Access to credit – buying ‘top-up time’ – was highlighted as a challenge by many refugees I spoke with. I met a group of young women (aged from 15 to approximately 30) who described how they hadn’t had credit on their phones for a number of weeks. I’d initially thought this meant they couldn’t buy credit to use other community member’s handsets, but was surprised that this group polled the highest in terms of individual phone ownership – higher than the male group of the same age range. Another ‘gender’ assumption of mine corrected.

Despite not having credit, the young women went on to describe how important their phones were for communication and for creating ‘connections’. The women used the phones to play Hausa, Hindi, and English music videos and songs that were stored on memory cards – watching in groups and sharing the enjoyment. They highlighted this as essential for their wellbeing, as there is little other entertainment on the site. The importance of sociality cannot be underestimated considering the scale of violence many have witnessed. The women shared memory cards, had made new friends and felt connected with the outside world –thanks to the non ‘credit-dependent’ features of the feature phone. This made me realise the importance of digging deeper into mobile phone usage – the preferred features, the valued functions. We’re a long way away from understanding the communications eco-system if we look at phone ownership alone. We can’t assume that people use their phone for voice calls – I certainly don’t!

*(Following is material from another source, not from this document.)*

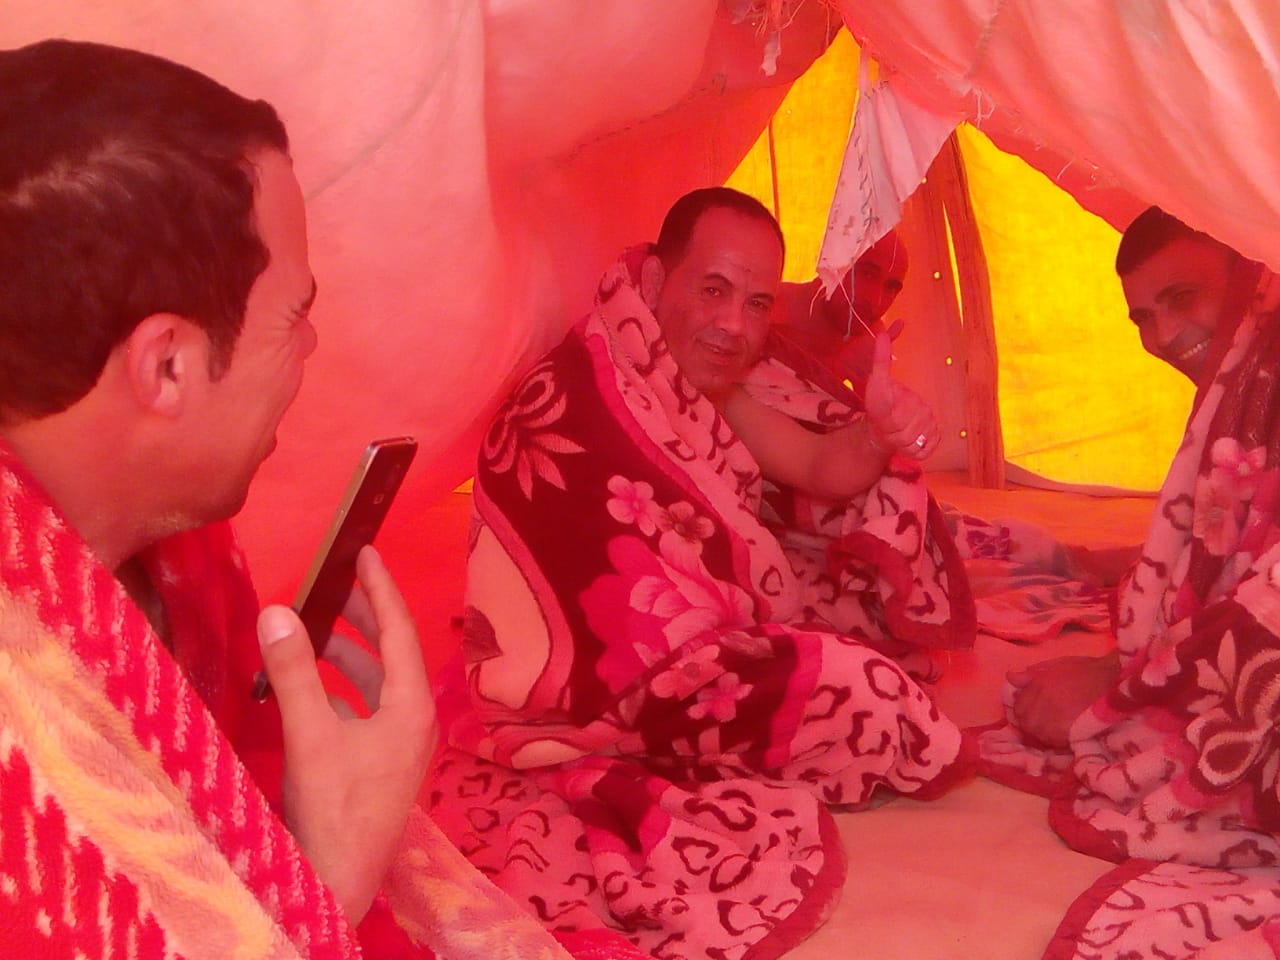 مجموعة من شمال سيناء داخل الخيمة عقب حمام الرمال فى سيوة

A mobile charging station located in a local market in Kabelawa Camp.

A mobile charging station at a market near Kabelawa Camp. Kabelawa is home to not only refugees, but IDPs and returnees.

Communication cannot be cookie-cutter

These are just two examples of the fascinating and rich communication structures I found in Niger. The scoping unpacked many more – the importance of phone-in radio shows; a trans-regional free postal network; languages I’d never heard of; and entrepreneurial ways to charge mobile phones – to name a few more. After 10 days of discussions with refugees, internally displaced people, UNHCR partners, and the UNHCR team, I’m not pretending to be a Niger communications expert by any means. I have however learnt a lot – mostly that any of the pre-cooked ideas that I flew over with were irrelevant (at best). During this mission, I’m happy to say that I went back to the drawing board – this time with refugees.